• Directions for this task: When you reach the line that holds "calendar divider tab", start copying exactly and keep going through the final line of the data, leaving out pictures.

• Data below:
+ + + + + + +
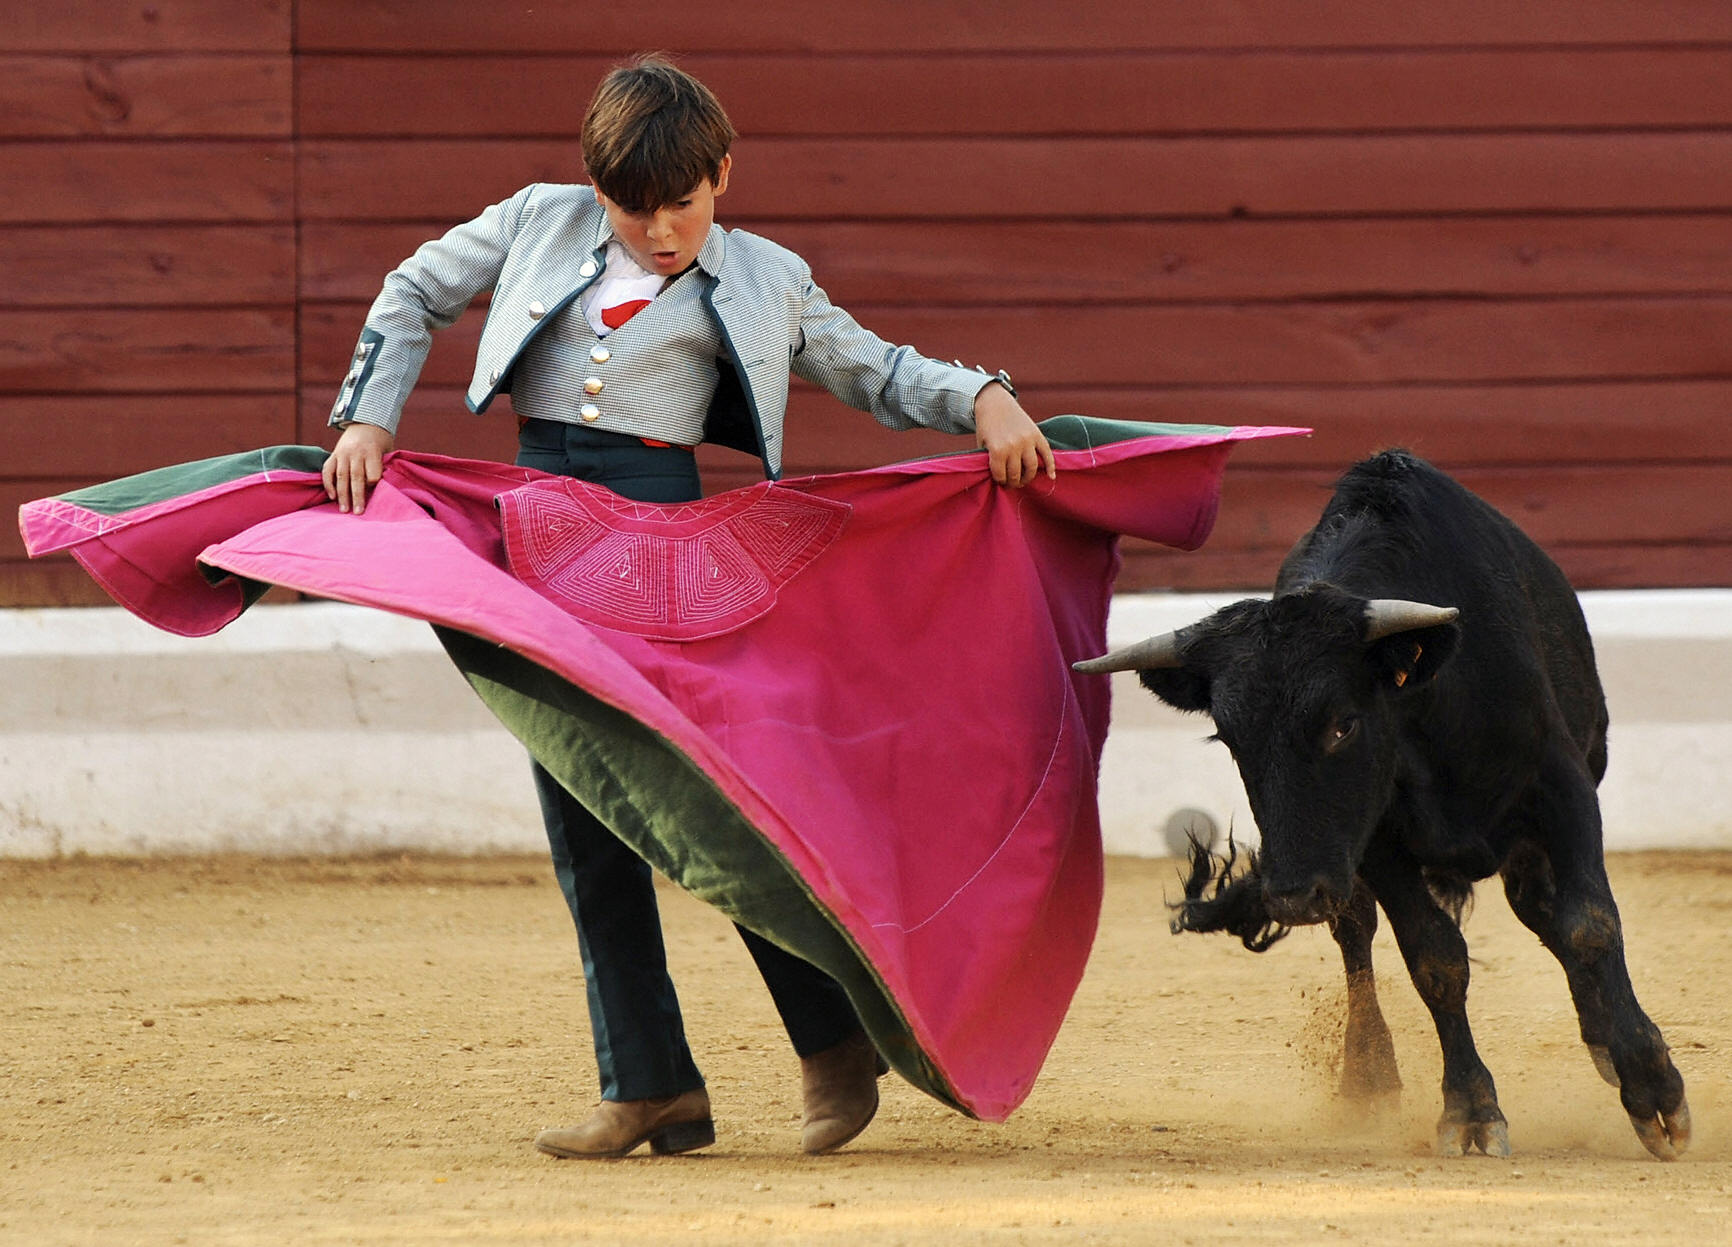 'Cowardly' Bullfighter Amateurs Criticized for Taking on Calves
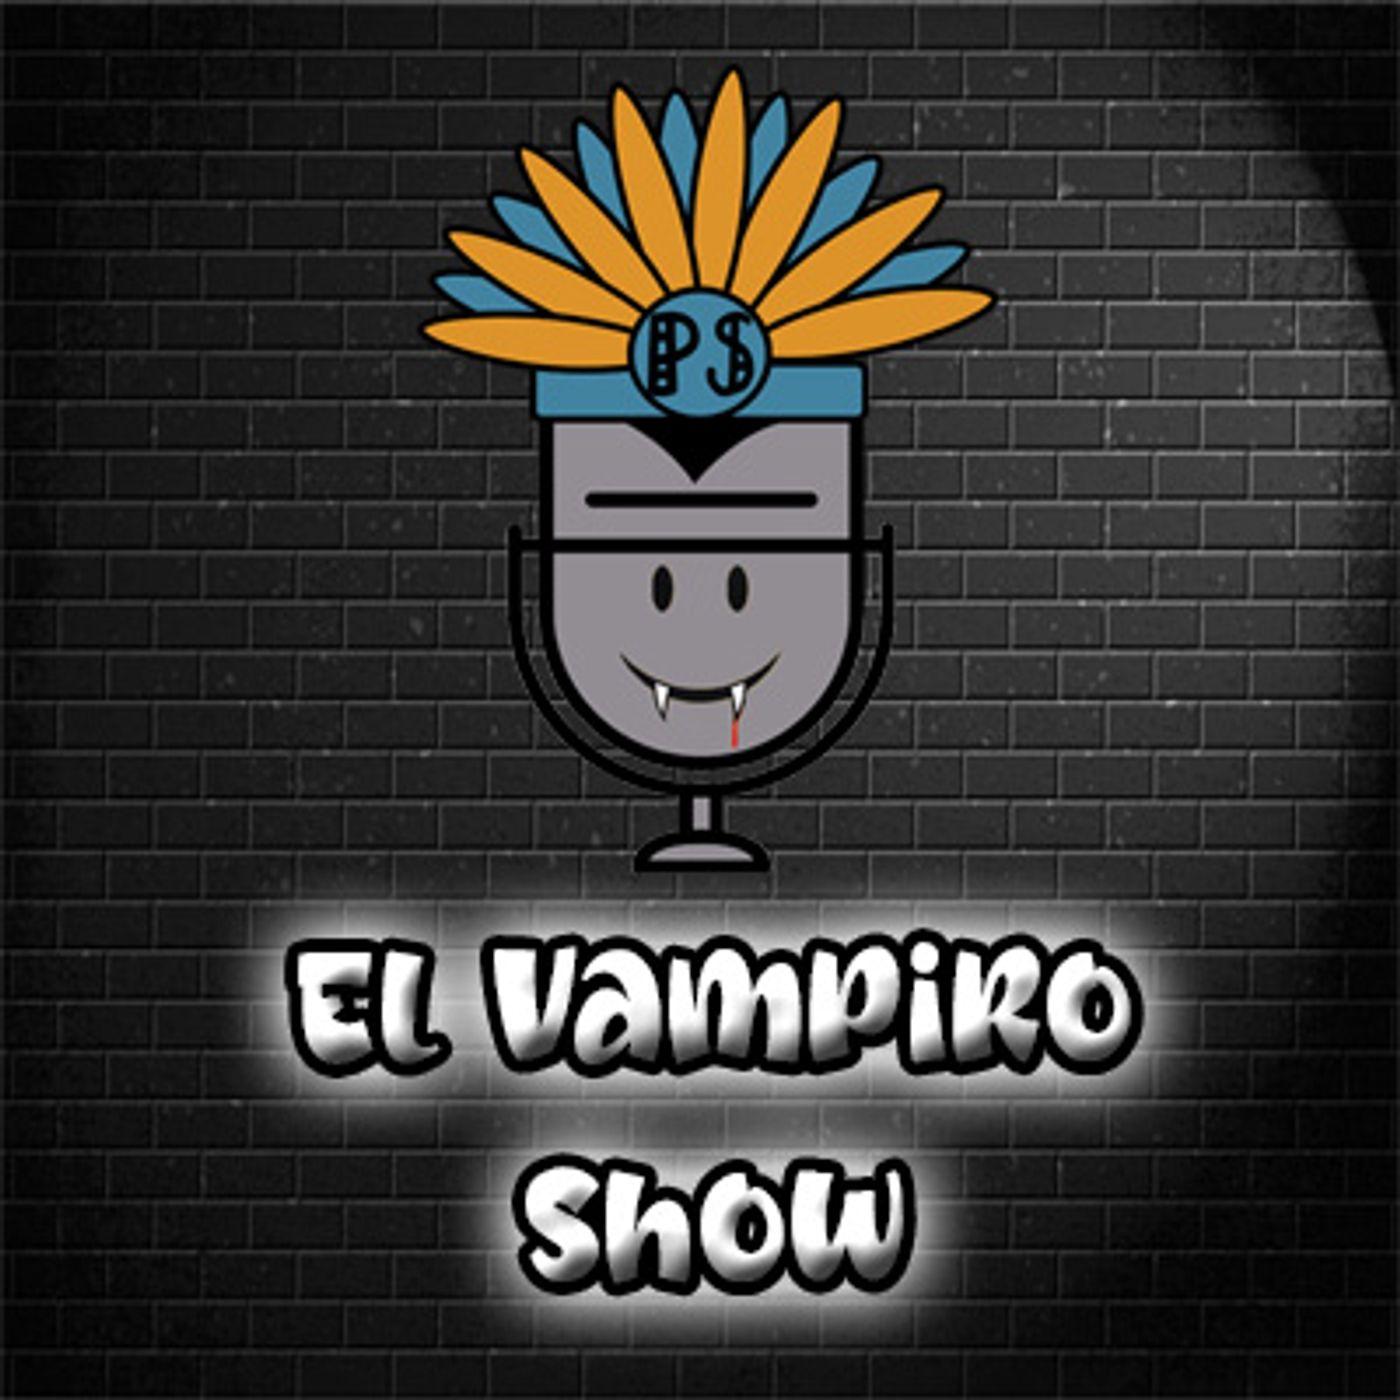 El penacho show - el vampiro show
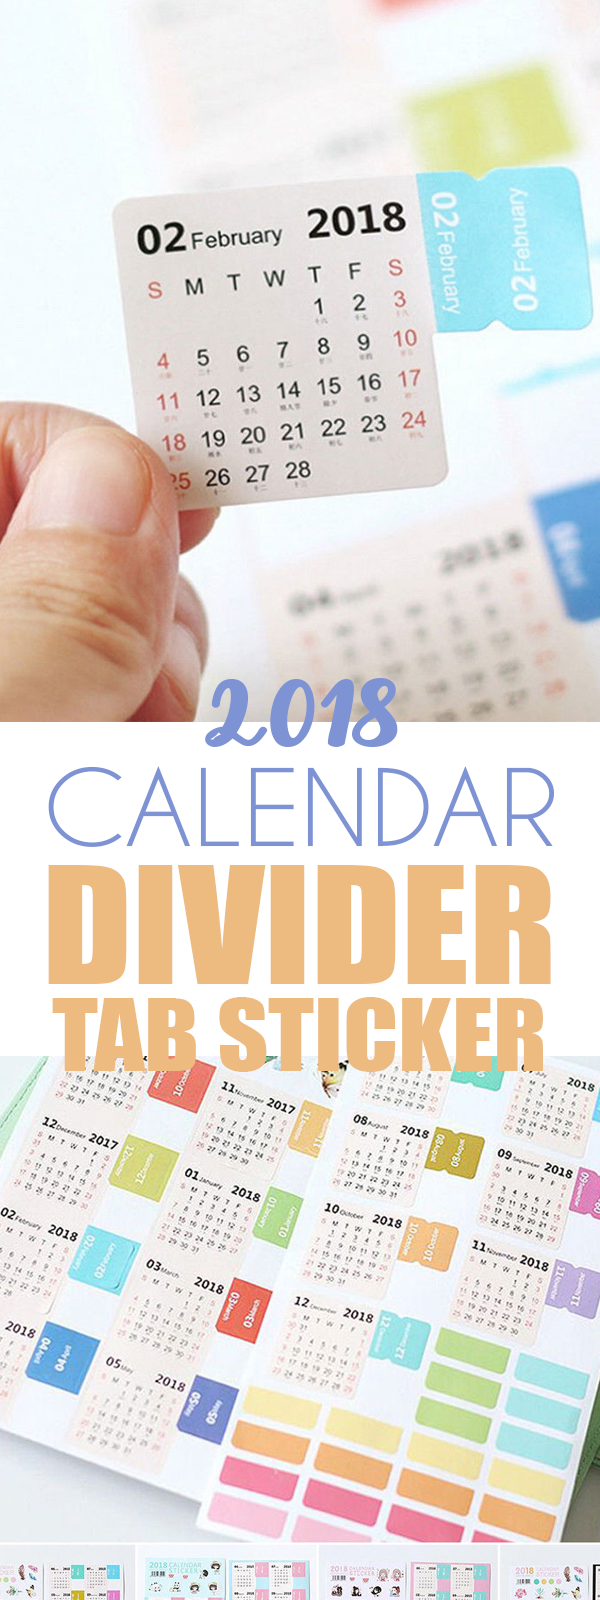 calendar divider tab sticker planner bullet journal bullet
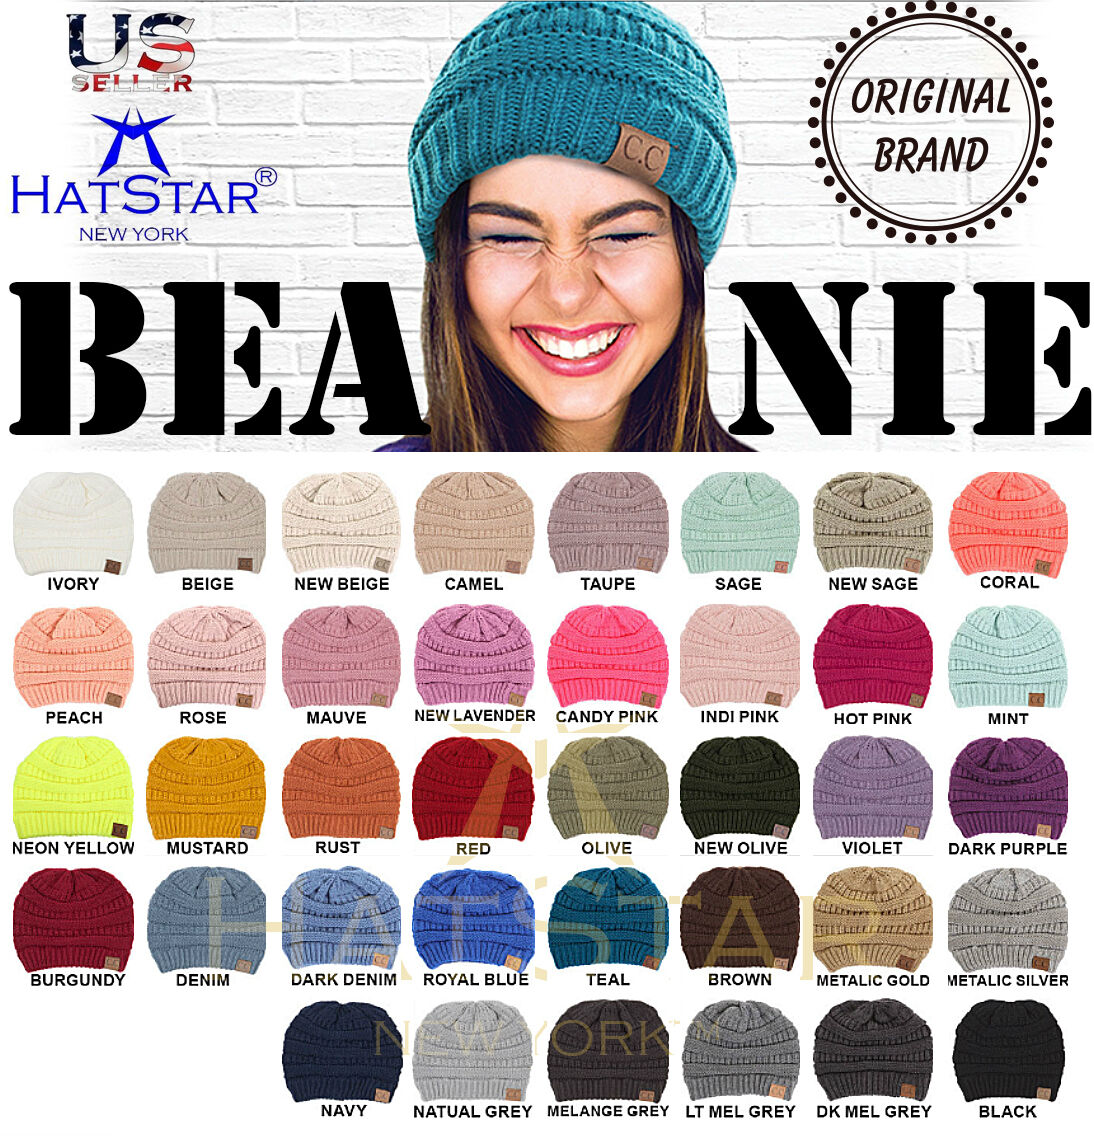 CC C.C Beanie New Women Slouchy Knit Oversized Thick Cap Hat
+ + + + + + +
• Answer area:
 calendar divider tab sticker planner bullet journal bullet
 CC C.C Beanie New Women Slouchy Knit Oversized Thick Cap Hat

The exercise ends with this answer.